I'd have to run some experiments, but don't believe that setuptools and associated tools support this at the moment.
I don’t personally believe it makes sense for a source distribution to have a build number. Yes it would invalidate all other uploads because it should, They take the source distribution as an input, if you change the input then in all likelihood you change the output. This won’t be true in every case but to be able to determine when and where it won’t be true requires intimate knowledge of the package formats as well as the project in question. On the other hand Wheel files already support the concept of build numbers, I don’t see any technical reason why Windows installers can’t support them given that nothing automated pulls them down. Getting Egg files to support them may be a lost cause though since I’m not sure there’s a way to add that information to the Egg spec without mandating a new setuptools.
If I understand you correctly, you are essentially suggesting that it becomes impossible to ever delete anything uploaded to PyPI, i.e. turning PyPI into a WORM.
No, deletion remains supported. The only capability being removed is silent substitution of hosted files with different ones bearing the same name.
So if, for example, release "3.1.4" had a packaging error, then deleting it would still be possible, but the replacement would need to be something like "3.1.4.post1" or "3.1.5", rather than being permitted to reuse the "3.1.4" name.
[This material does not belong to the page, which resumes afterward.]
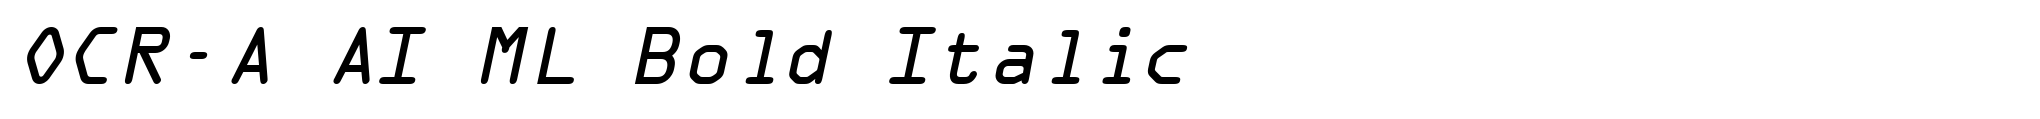 OCR-A AI ML Bold Italic image

So just to summarize: the proposal is to turn PyPI into a WORM, but at least it's still possible to remove distribution files.
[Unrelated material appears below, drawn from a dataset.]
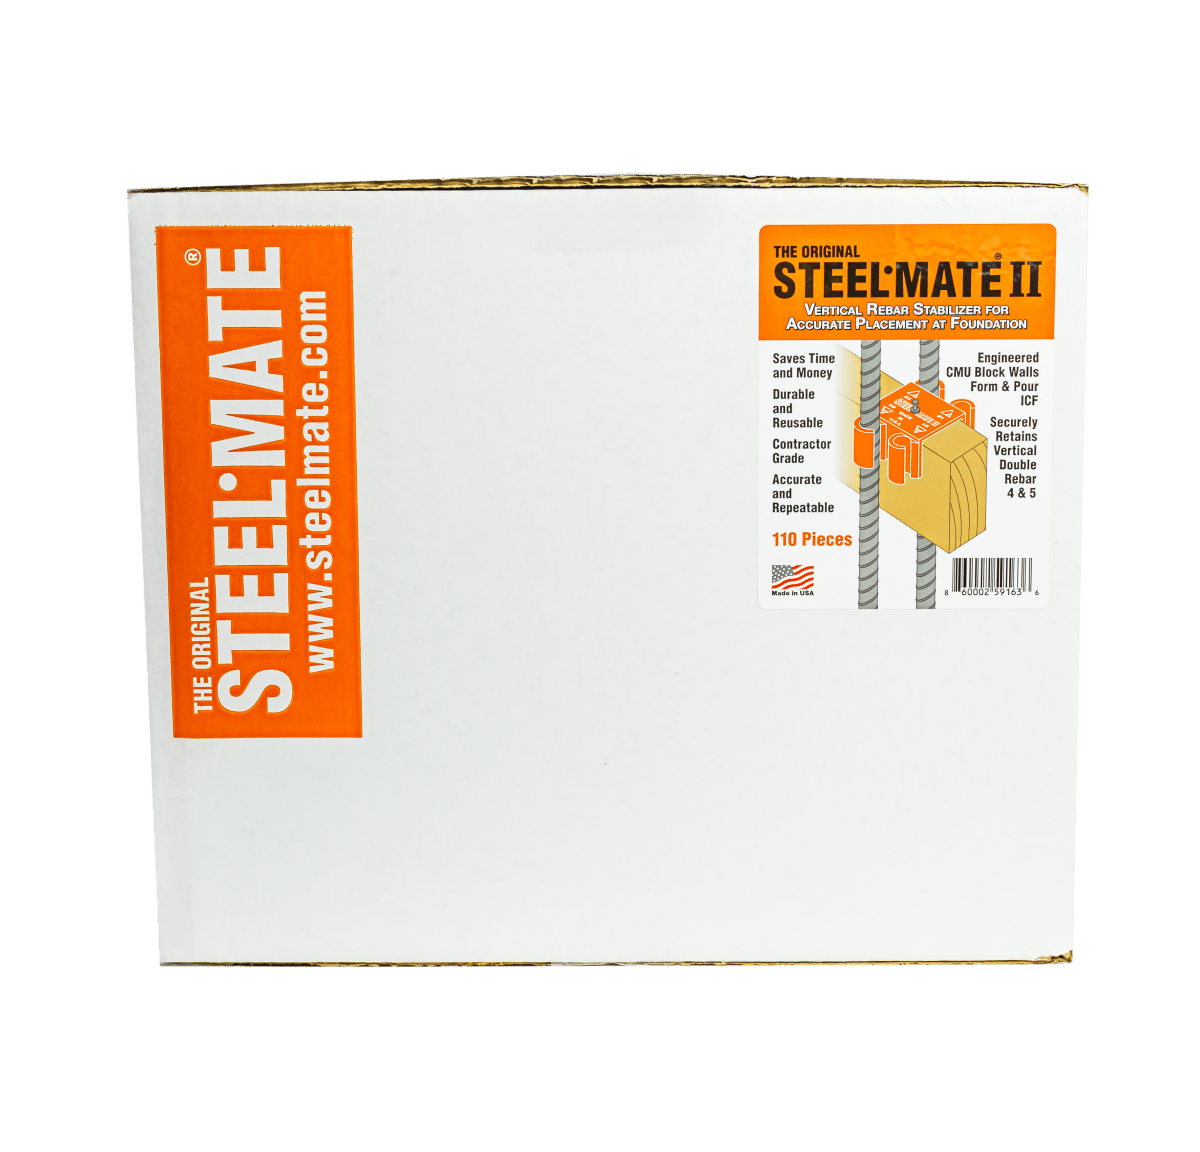 Steelmate II - Steel Mate

The external hosting support is then the mechanism by which authors can retain complete and total control over their release process. That approach avoids all licensing concerns (including those related to US export controls), as well as ensuring they have the ability to silently change the contents of previously released files if they choose to do so (although, as noted above, actually doing so may break installation for anyone installing with peep, which checks file hashes based on the first version downloaded).
You're regularly bringing up this argument.
Let's just be fair here: external hosting of packages has been made so user unfriendly in recent pip releases, that this has pretty much become a non-option for anyone who wants to create a user friendly package installation environment.
pip is unfortunately using the same kind of --no-one-will-want-to-use-this-option-because-its-too-long approach as setuptools/easy_install has done in the past to force people into installing packages as eggs rather than installing the packages in the standard write to site-packages dir way.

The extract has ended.